Time Cue: 00:27, Soundbite Duration: 0:25 

Transcription: “Well actually, I think that it’s both. We have to take a step back to understand the supply chain problems, and the underlying root causes. On a short-term basis, we can think of we can think of ways to manage the ports and supplies better, we can get it resolved. For the long-term, I think we have a systemic problem that we need to address.”


Question 2: What kind of supply chain problems can be resolved more quickly going into 2022?

Time Cue: 01:02, Soundbite Duration: 0:40

Transcription: “In the short-term, I think there are many things we can do quickly to get those containers that are currently stuck on the west coast, to move them quickly from the port, to the terminal, to the warehouse, to the retailers.  So, for example, we can have the penalty put in place, which has already happened, and now the containers or moving. So, eventually, we can get that addressed. And also in terms of some of the products that only rely on domestic supply chains, such as toilet paper or some other products, we can actually get it addressed within 2022.”


Question 3: What kind of supply chain problems may linger longer into 2022, and why?

Time Cue: 01:48, Soundbite Duration: 00:31 

Transcription: “Well, I think that we do have a supply chain systemic problem. Some of them will linger much longer than 2022.  For example, currently we are facing a lot of shortages of semiconductor. Now that one cannot be addressed within a short period of time. So, that will linger much longer beyond 2022. That means that products such as cars, electronic toys, and home appliances that require semiconductors. So that is a major problem because the capacity cannot be increased within a short period of time.”  


Question 4: What policy changes or major actions need to be taken on the part of government, business or others to fix the supply chain crisis? 
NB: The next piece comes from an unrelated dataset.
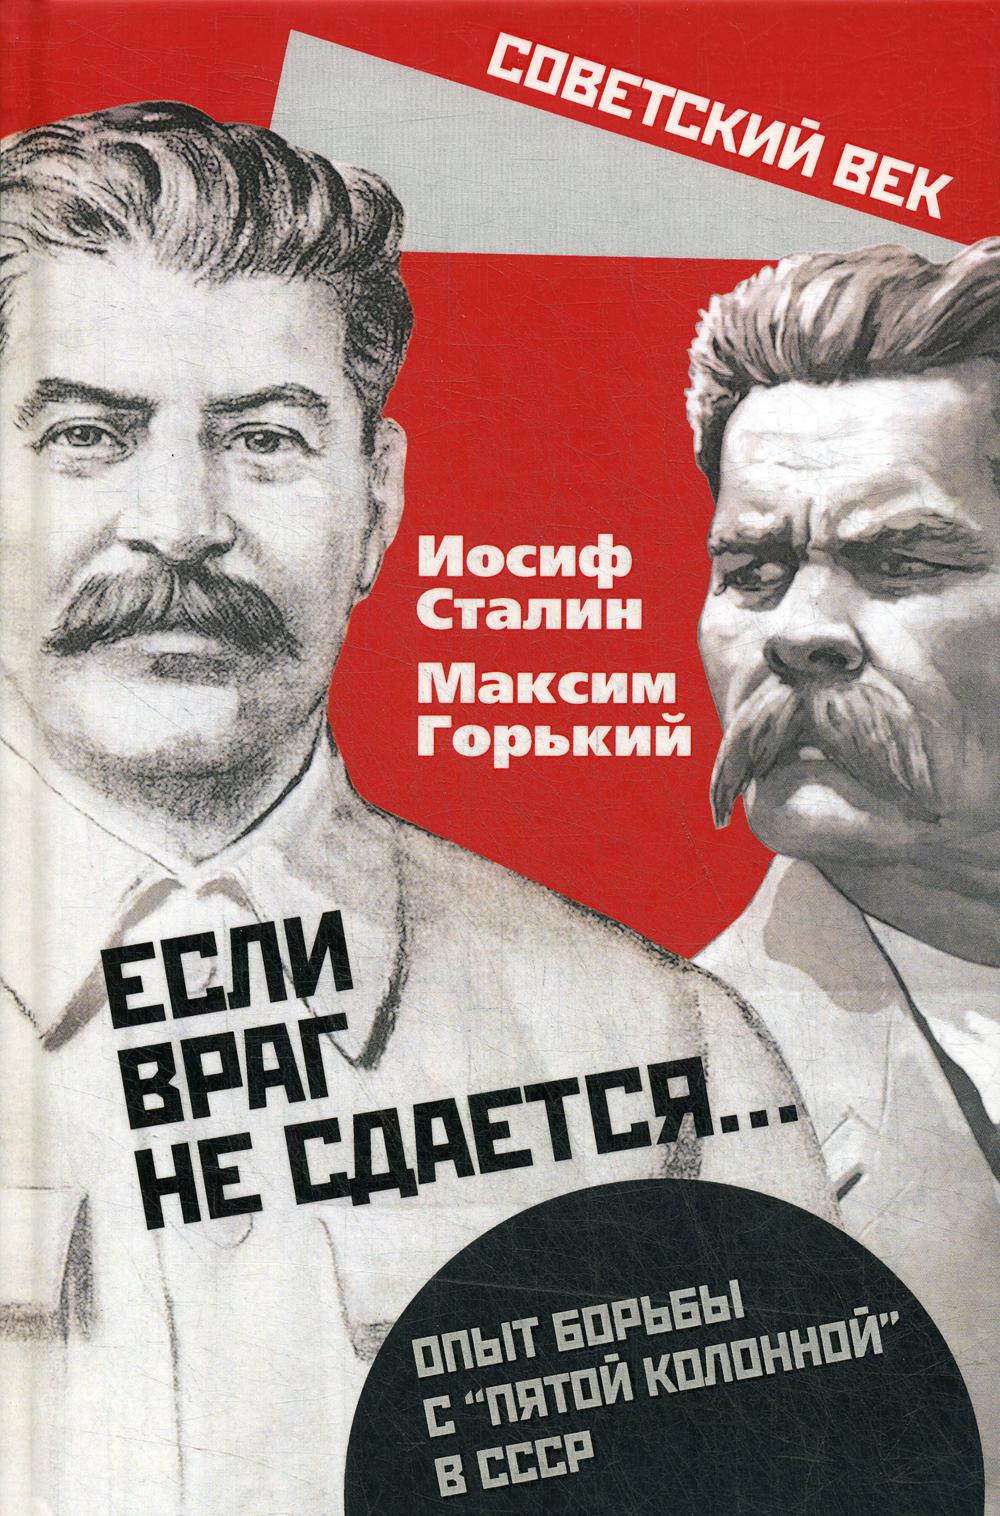 Сталин разрушил. Горький и Сталин. М Горький и Сталин. Противники Сталина.

Time Cue: 02:33, Soundbite Duration: 03:07 

Transcription: “Well, I think we have witnessed the vulnerabilities of our supply chain during this crisis. So, this is a time we need to think and reflect what has not been working. So, I think over the decades of outsourcing, it’s time for the government to rethink about how to balance, in terms of global supply chain and the regional supply chains, such that our supply chains will be more resilient. So, for instance, in terms of managing supply chain risk, first we need to identify where the risks lie. So, that requires that we do the supply chain mapping and we need supply chain transparency. Right now, the government and even companies don’t have fully supply chain visibility. They don’t even know who the tier one, or tier two, or tier three suppliers are. So, without knowing where they are, what the capabilities are, we cannot even evaluate the risk. Once we have that, there is step two. That’s where the INFORMS community can play a role in terms of running stress tests for different supply chains to understand how vulnerable the supply chains are, and events where we face certain types of disruptions, how long does it take to recover? So, that is very important. Now, this will require the government to work with the private sector and the INFORMS universities to really collect the right information and actually to change from information to data analytics. That’s where INFORMS can play a role. Third, once we understand the risk, then we can develop strategies how to mitigate risk just in case something happens. So, therefore, for example, we can work with the government, we INFORMS, on how to identify how much of the national stockpile inventory we should have, and what types of inventories, which products, and where and how much. We can do that. Secondly, we need to figure out what other domestic and regional supply chain capabilities and capacities that we could have just in case something should occur. Then we could pivot and actually leverage our regional supply chain capabilities and capacity to respond to disruptions. And the last one, after we figure out the strategy to mitigate the supply chain risks that last one is using information to trigger the response to disruptions. This is what I call the supply chain dashboard. So, in that case we have to keep track of information along the supply chain so that we can get an early warning signal, such that the government and the private sector can respond quickly to supply chain disruptions.”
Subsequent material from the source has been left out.